In his article, James Patterson speaks about picturesque Guba region.
"Northern Azerbaijan is a part of the world defined by isolation. The Caucasus Mountains are high and terrible, and they are full of caves for gnomic tribes and nomads to hide in. It was an unconquerable land and remains divided into pockets of separate and singular cultures. In an area roughly the size of West Virginia, there are some two dozen languages, most of them unique to villages that spent centuries isolated from the rest of the country and each other. Not only Khinalig but also the settlements of Buduq, Qriz, Cek, Tsakhur and Nij, to name but a few, speak their own language. The world, however, always finds a way in," the author wrote.
The author of the article focuses on the developed transport and tourism infrastructure of these places.
"Now UNESCO World Heritage status looms for Khinalig, and the Azerbaijani tourism sector is rapidly promoting it as one of the country’s many hidden gems. Some worry that the creeping modernism threatens the historical essence of these villages, that they were better off isolated at the end of an impassable road," he wrote.
Notably, Khinalig has a population of about 2,000, who speak the Khinalig language. This language is classified as "severely endangered" by UNESCO's Atlas of the World's Languages in Danger.
In 2020, the Khinalig State Cultural-Architectural and Ethnographic Reserve was included in UNESCO's Tentative List.
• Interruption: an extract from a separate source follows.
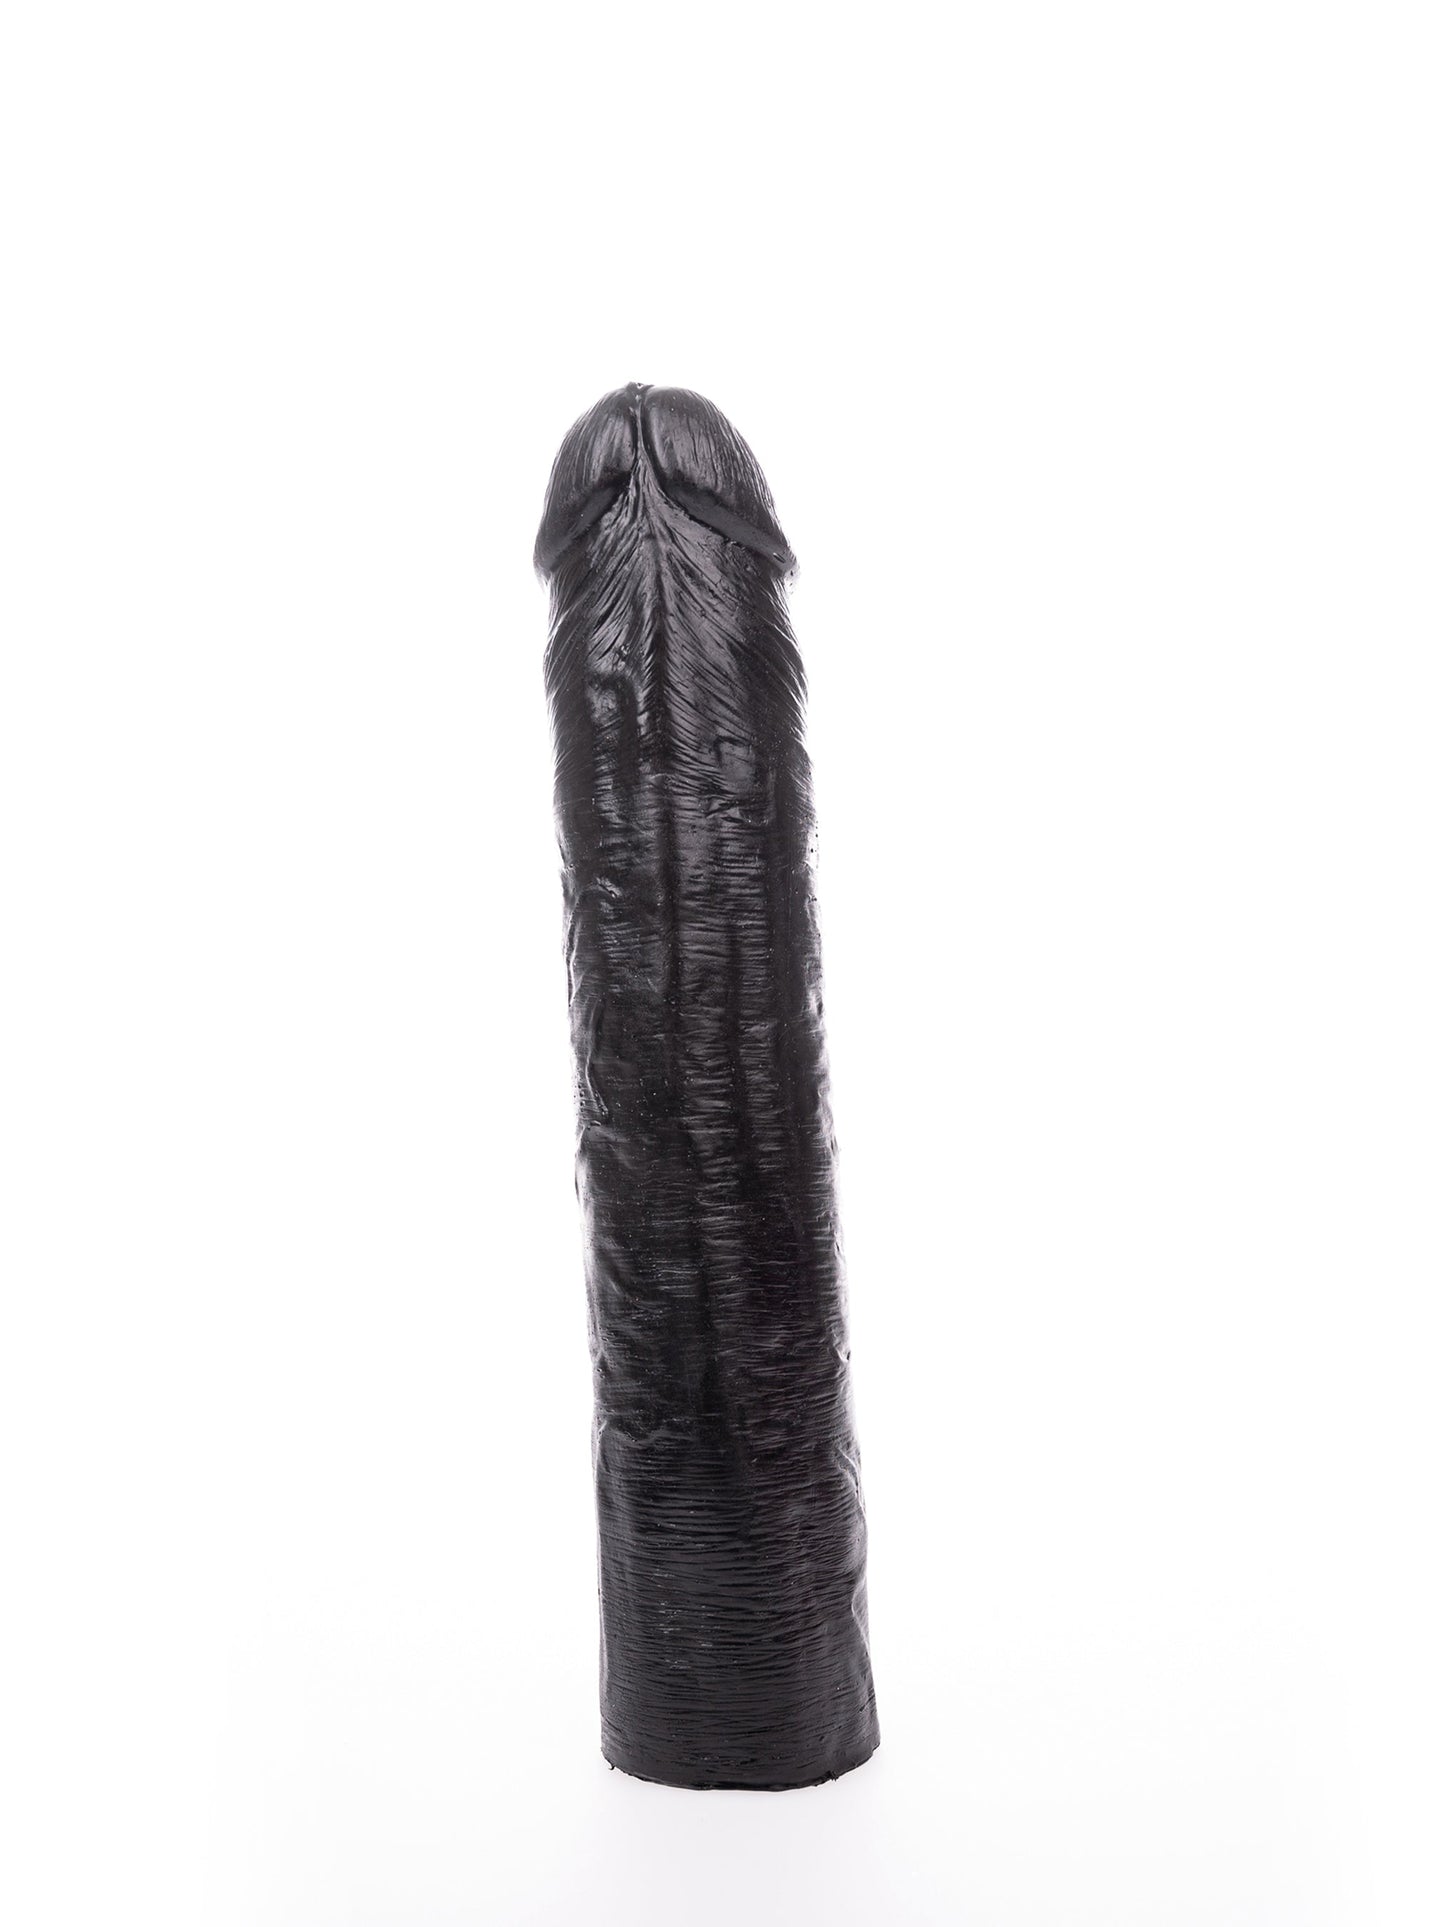 Hung System - Dildo Realistic Benny without balls 26 cm BOX - Black

The document was submitted to the organization by Azerbaijan's National Commission for UNESCO.
According to the rules set by the UNESCO World Heritage Committee, State Parties should submit their Tentative Lists, properties which they consider to be cultural and/or natural heritage of outstanding universal value and therefore suitable for inscription on the World Heritage List.
They prepare their Tentative Lists with the participation of a wide variety of stakeholders, including site managers, local and regional governments, local communities, NGOs and other interested parties and partners.
In 2020, Khinalig was included in the preliminary list of UNESCO World Heritage Sites called "medieval mountain village".